■ **WHAT YOU ARE ASKED TO DO**: Pictures should be left out while the data beneath this task is written out word for word.

■ **DATASET CONTENT**:
-=-=-

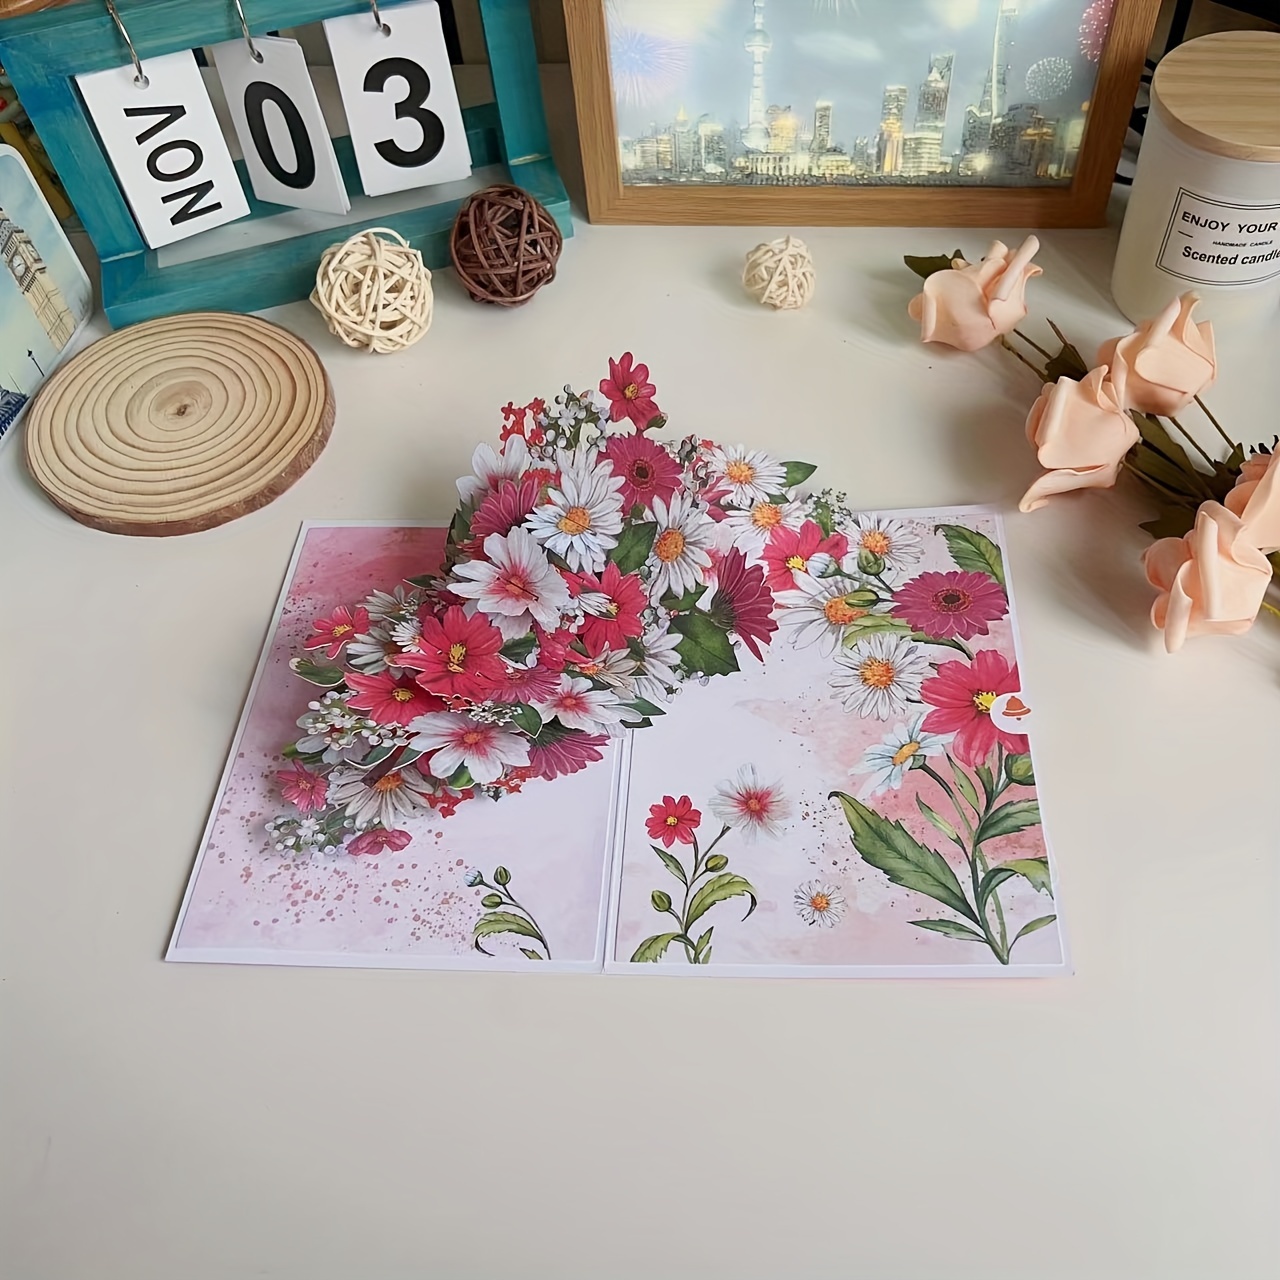 

3d Pop-up Card With Joyful Flower Design - Perfect For Mother's Day, Birthdays, Anniversaries, And Sending Blessings & Notes - Includes Card And Envelope
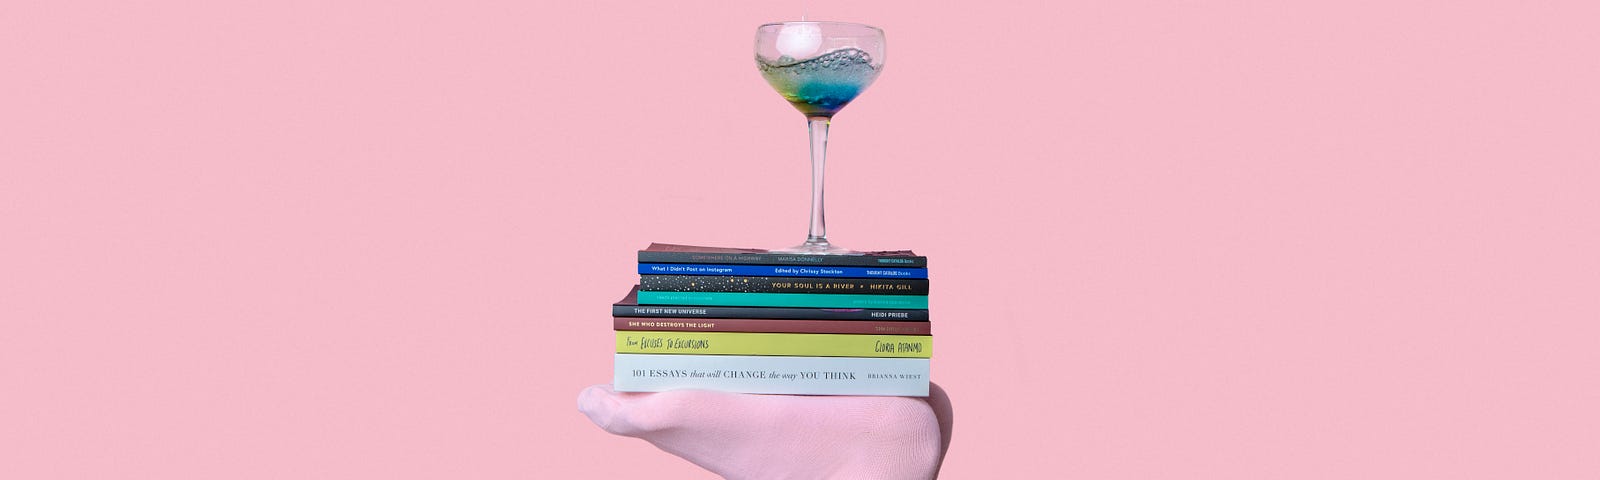 Person balancing books on their feet with a glass of water on top of the books, there is a pink background
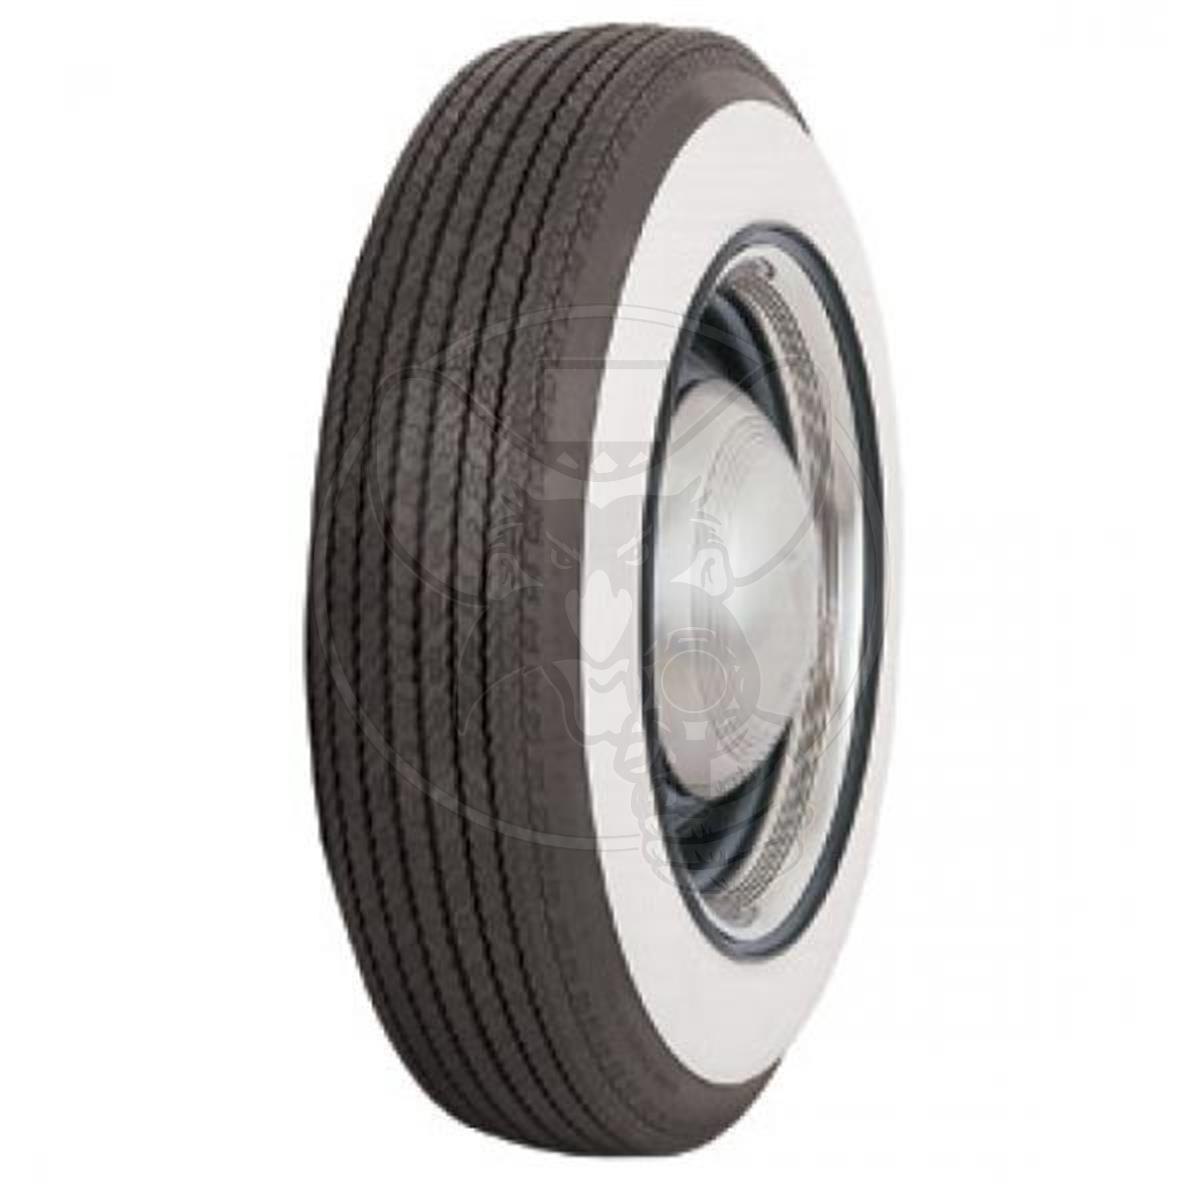 COKER CALSSIC BIAS PLY TYRE 560-15 WITH 2-3/4"  WHITEWALL
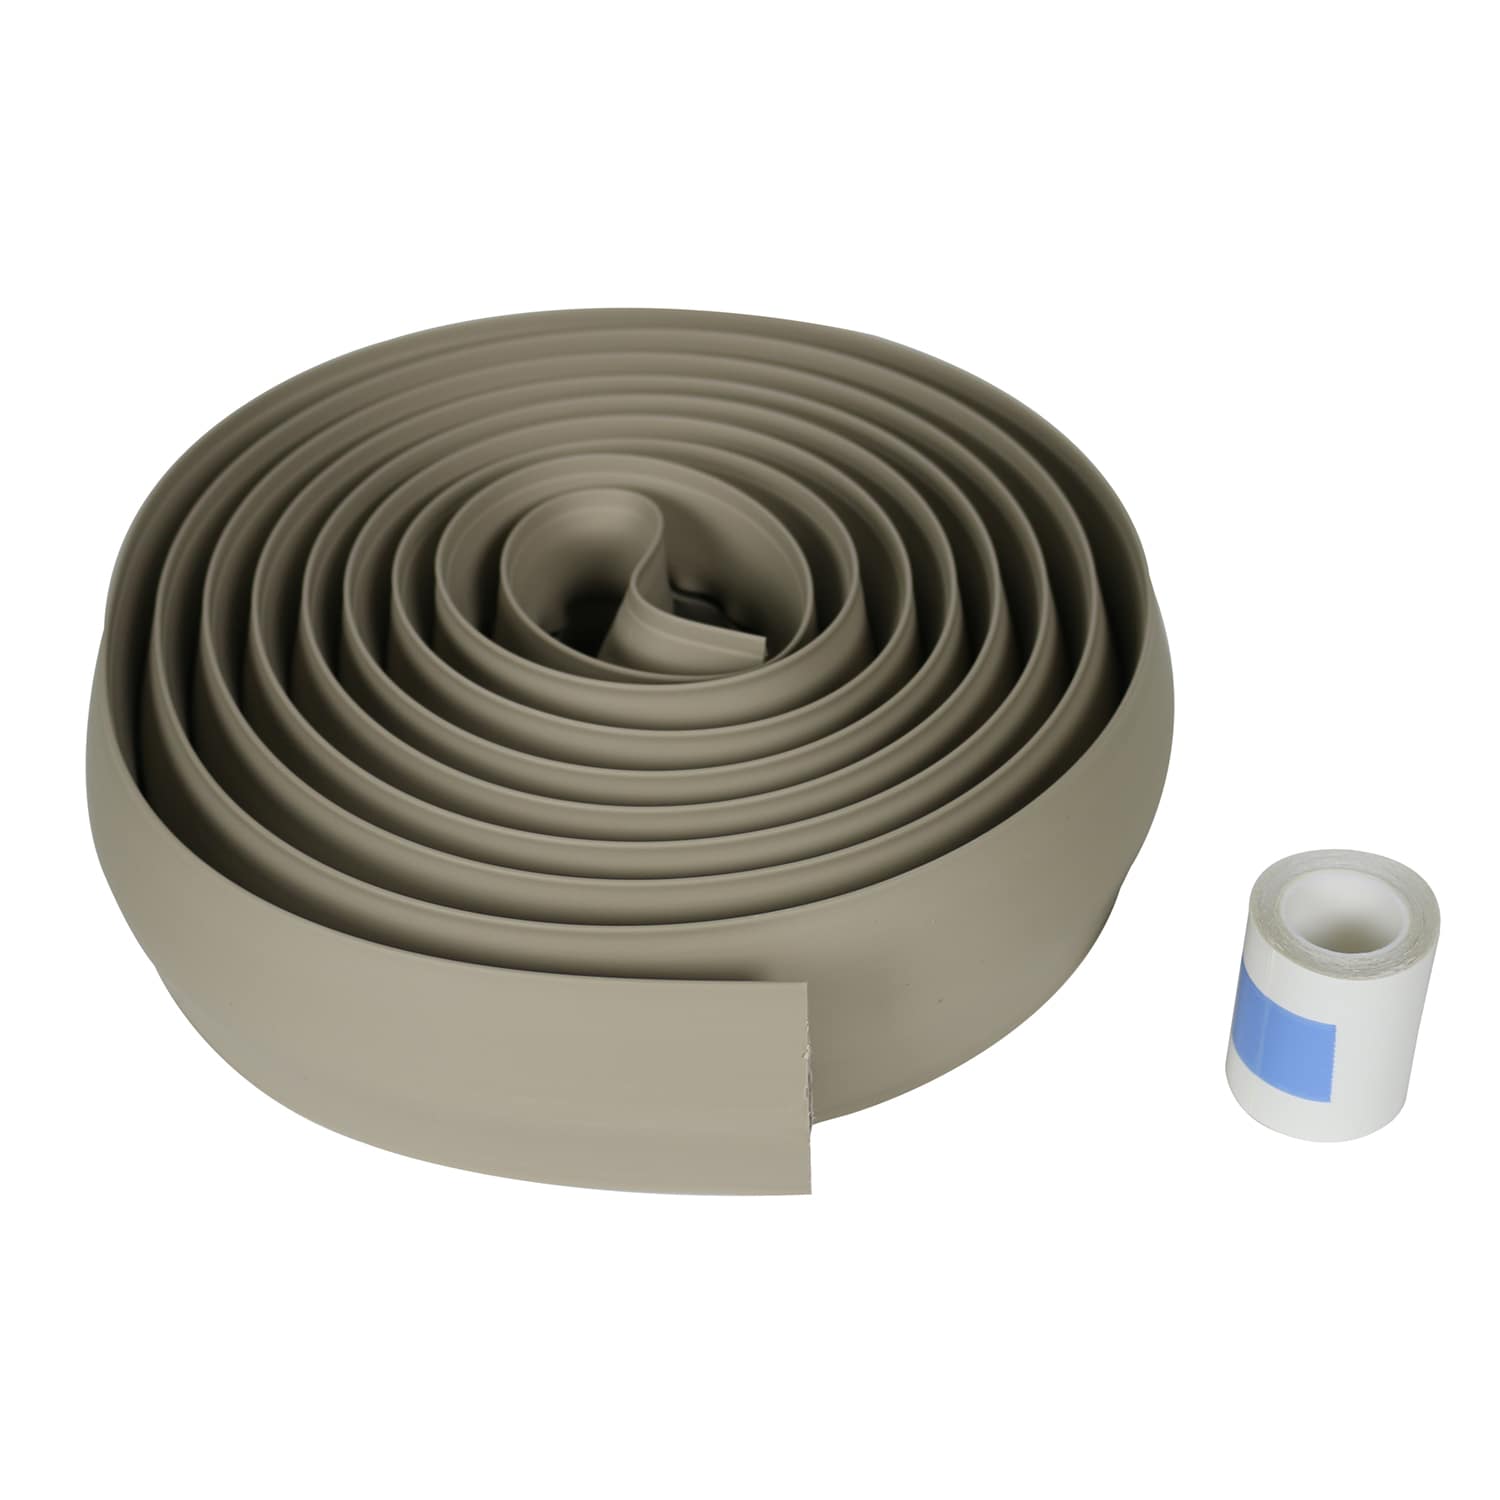 Source Floor cord cover silicone baseboard cord protector for corners  overfloor cord protector on m.

-=-=-

■ **RESPONSE AREA**:
3d Pop-up Card With Joyful Flower Design - Perfect For Mother's Day, Birthdays, Anniversaries, And Sending Blessings & Notes - Includes Card And Envelope
 Person balancing books on their feet with a glass of water on top of the books, there is a pink background
 COKER CALSSIC BIAS PLY TYRE 560-15 WITH 2-3/4"  WHITEWALL
 Source Floor cord cover silicone baseboard cord protector for corners  overfloor cord protector on m.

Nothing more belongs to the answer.